The fix is correct and well-scoped — routing null/empty args through ToolExecutionException rather than silently passing {} closes both the runaway loop risk and the silent null-invocation behavior.

One trust dimension worth adding to the exception handling: agent identity context on the exception. When a tool execution fails due to null/missing arguments, the exception currently contains the tool name and error type. In multi-agent Spring AI deployments where tool calls originate from different agents, the exception should also carry the calling agent identity — this is essential for diagnosing whether null-arg failures are concentrated in specific agents (suggesting a model-side bug or prompt issue) vs. distributed across all callers (suggesting a tool registration problem).

A minimal addition to ToolExecutionException:

public class ToolExecutionException extends RuntimeException {
    private final String toolName;
    private final String callerAgentId;  // which agent made this call
    // ...
}

This also matters for behavioral trust: an agent that consistently produces null-arg tool calls has a measurable behavioral signature — high null-arg error rate across sessions is an anomaly signal. If ToolExecutionException carries caller identity, it can feed directly into observability tools that track per-agent tool call quality, without requiring a separate identity propagation layer.

[laran]

Good callout.
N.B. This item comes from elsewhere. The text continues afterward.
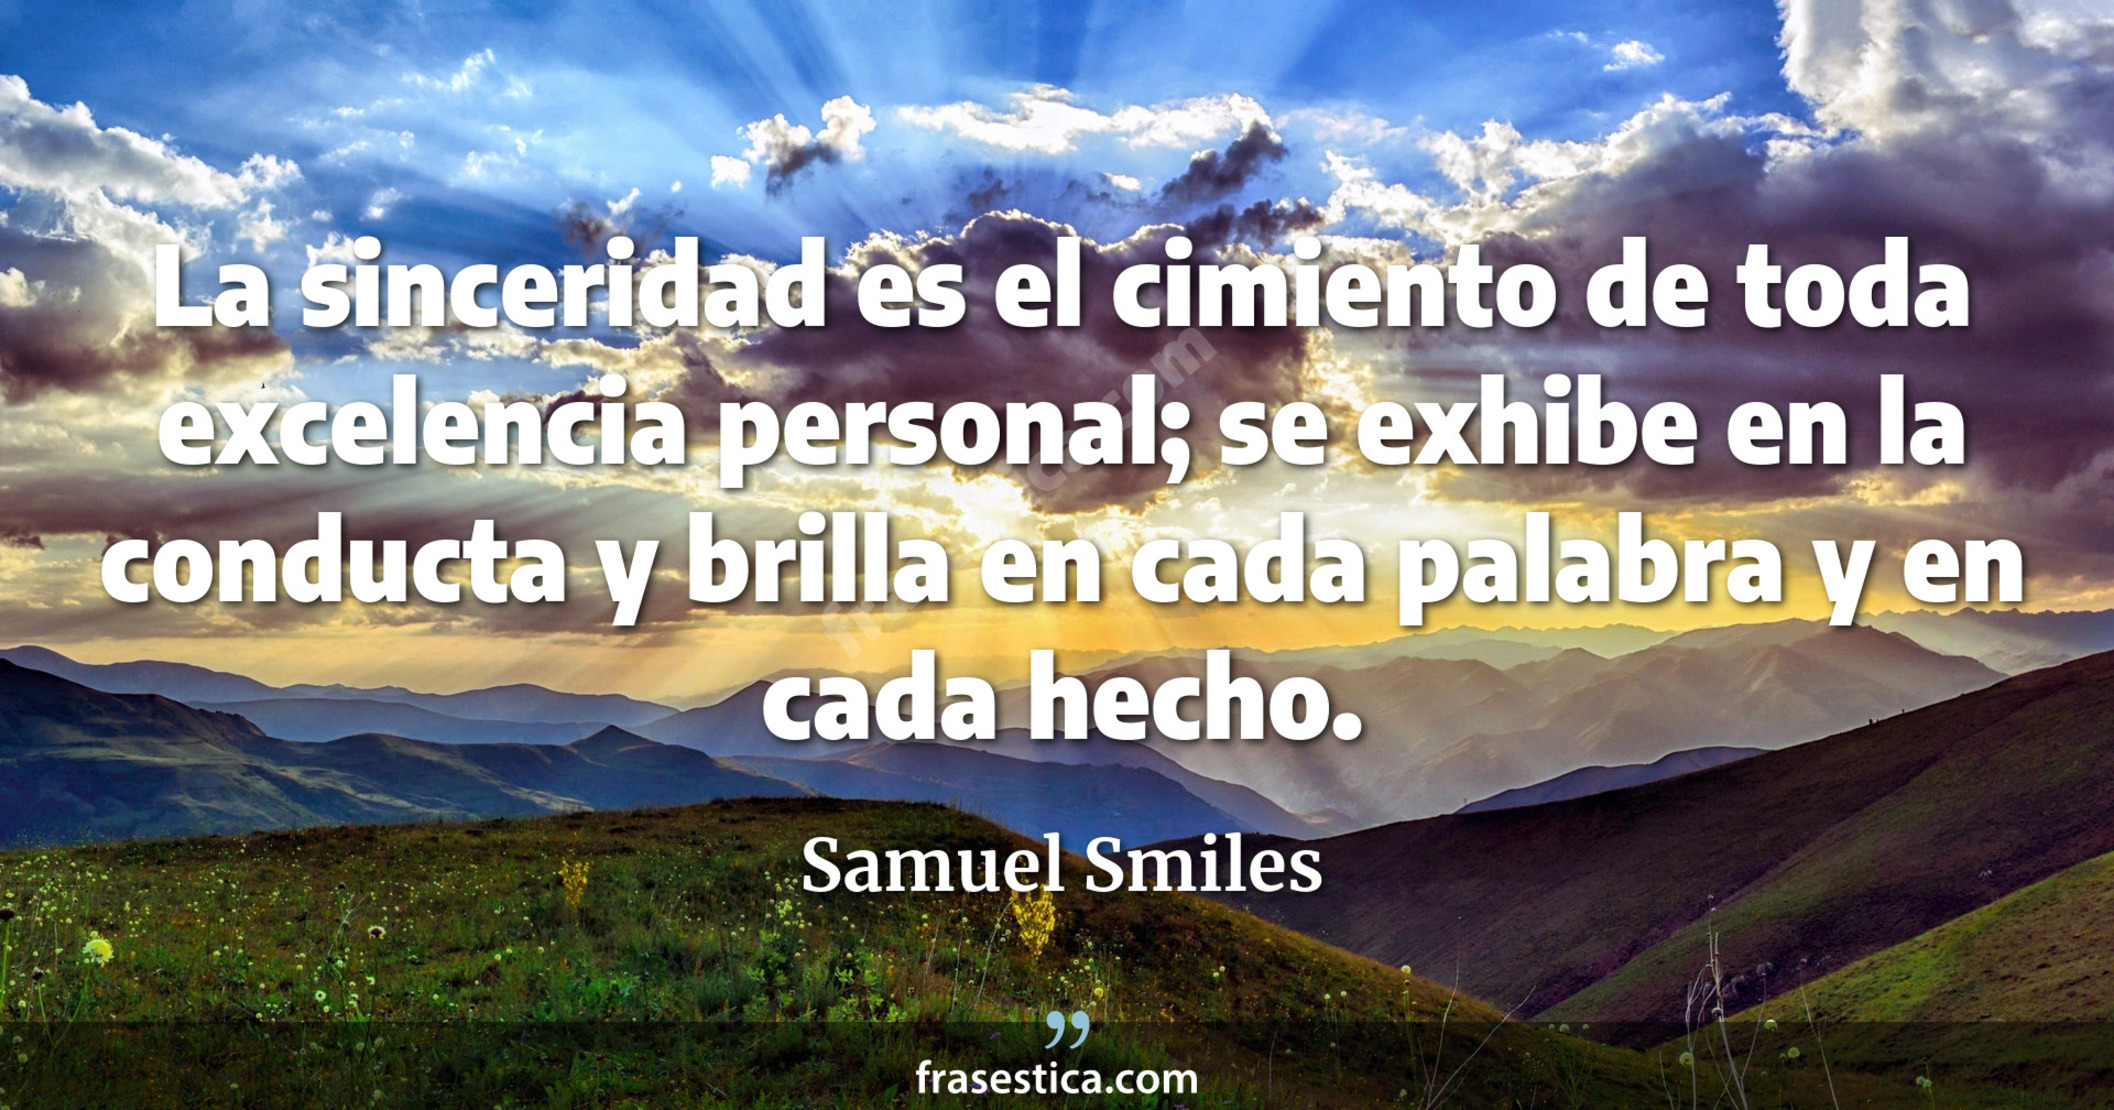 La sinceridad es el cimiento de toda excelencia personal; se exhibe en la conducta y brilla en cada palabra y en cada hecho. - Samuel Smiles

I updated to include a callerAgentId.

[laran]

@tzolov I'd like to encourage this fix be prioritized. I encountered this issue when running locally, using Opus 4.6, in an application that uses tools heavily. Because of the bug this PR fixes I ended up experiencing an infinite loop when calling the Anthropic API that cost me $125 in input tokens alone in a matter of 10 minutes. I've added several safeguards to protect myself since. But ultimately, fixing this bug is what's needed. Until it's fixed I'm just running a locally patched version.

Please prioritize this ASAP. The bug has the potential to cause catastrophic API cost.